Download or read book Emerging Labor Market Institutions for the Twenty First Century written by Richard B. Freeman and published by University of Chicago Press. This book was released on 2007-09-01 with total page 338 pages. Available in PDF, EPUB and Kindle. Book excerpt: Private sector unionism is in decline in the United States. As a result, labor advocates, community groups, nongovernmental organizations, and individuals concerned with the well-being of workers have sought to develop alternative ways to represent workers' interests. Emerging Labor Market Institutions for the Twenty-First Century provides the first in-depth assessment of how effectively labor market institutions are responding to this drastically altered landscape. This important volume provides case studies of new labor market institutions and new directions for existing institutions. The contributors examine the behavior and impact of new organizations that have formed to solve workplace problems and to bolster the position of workers. They also document how unions employ new strategies to maintain their role in the economic system. While non-union institutions are unlikely to fill the gap left by the decline of unions, the findings suggest that emerging groups and unions might together improve some dimensions of worker well-being. Emerging Labor Market Institutions is the story of workers and institutions in flux, searching for ways to represent labor in the new century.

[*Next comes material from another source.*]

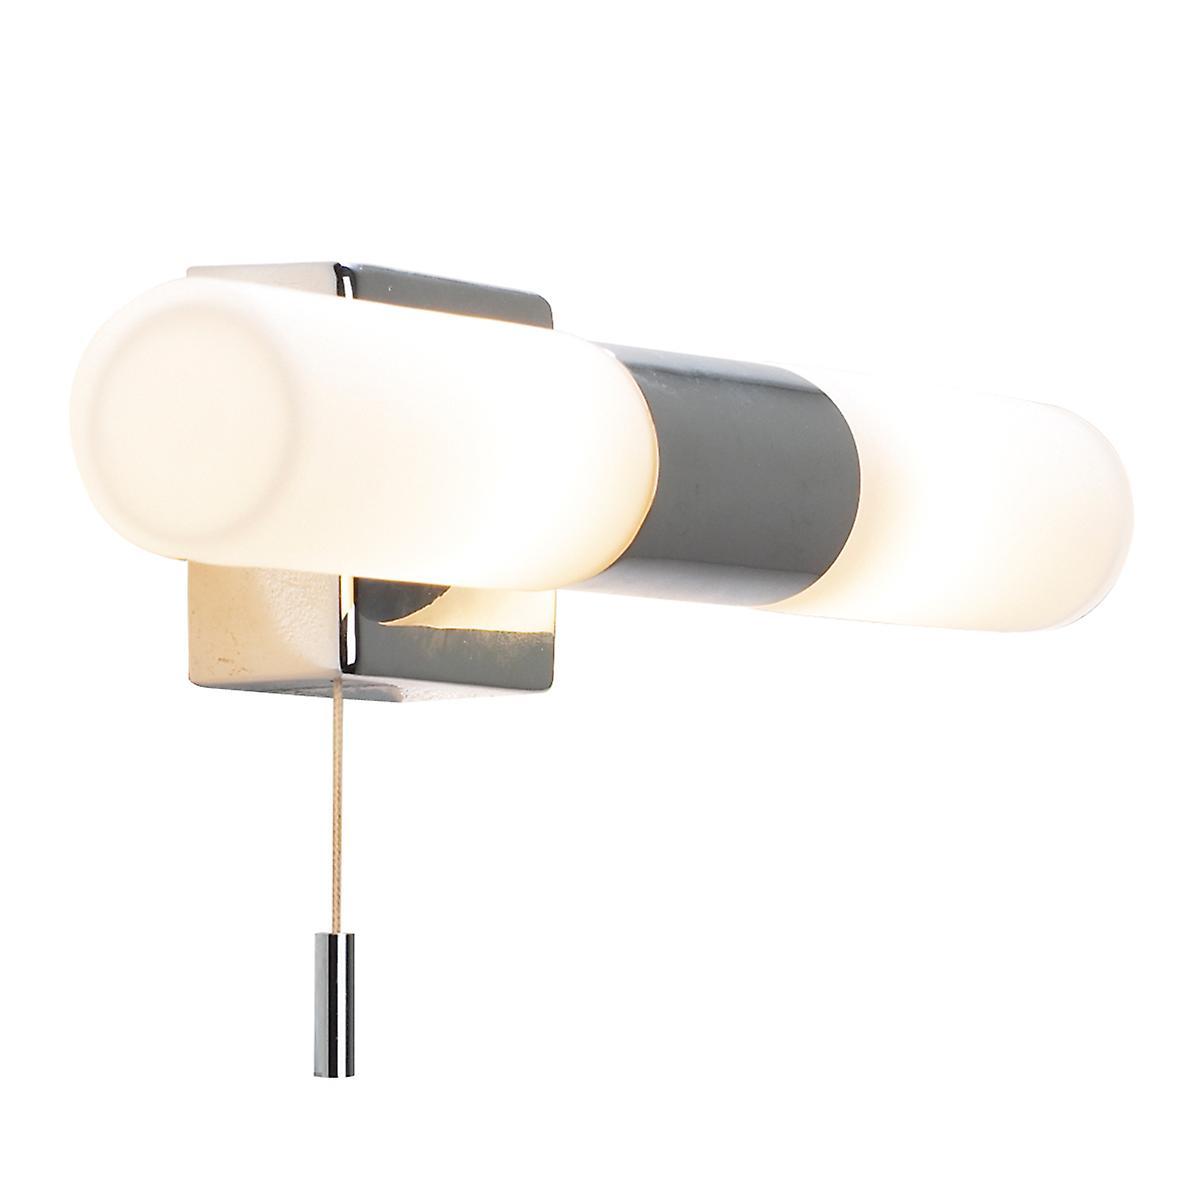 Dar BUE0950 Bueno Modern Switched Halogen Bathroom Wall Light

Book The Emerging Worldwide Electronic University

Download or read book The Emerging Worldwide Electronic University written by Parker Rossman and published by Praeger. This book was released on 1993-09-30 with total page 0 pages. Available in PDF, EPUB and Kindle. Book excerpt: Higher education is changing dramatically as a result of global telecommunications. This book surveys and synthesizes the material currently available on this important topic. Much of the volume provides detailed and fascinating information on experiments, organizations, and ideas related to computer networks and higher education. Other sections examine the electronic organization of knowledge, electronic textbooks, and the many ways in which students may use computer connections to enhance their educational experience. At the heart of the study is the notion of a worldwide electronic university in which students, faculty, and research libraries will be connected electronically across continents. The author begins by describing the early signs and origins of the emerging worldwide electronic university, such as the growth of courses made available through computer networks and television. He then considers some of the administrative issues involved and the responses of some corporations and organizations to those issues. The next few chapters describe and assess the value of educational exchange and the technology that makes that exchange possible. Other chapters discuss the linking of research libraries, the facilitation of international research, and emerging instructional issues. The result is an important guide to a topic of growing interest to educators and students alike.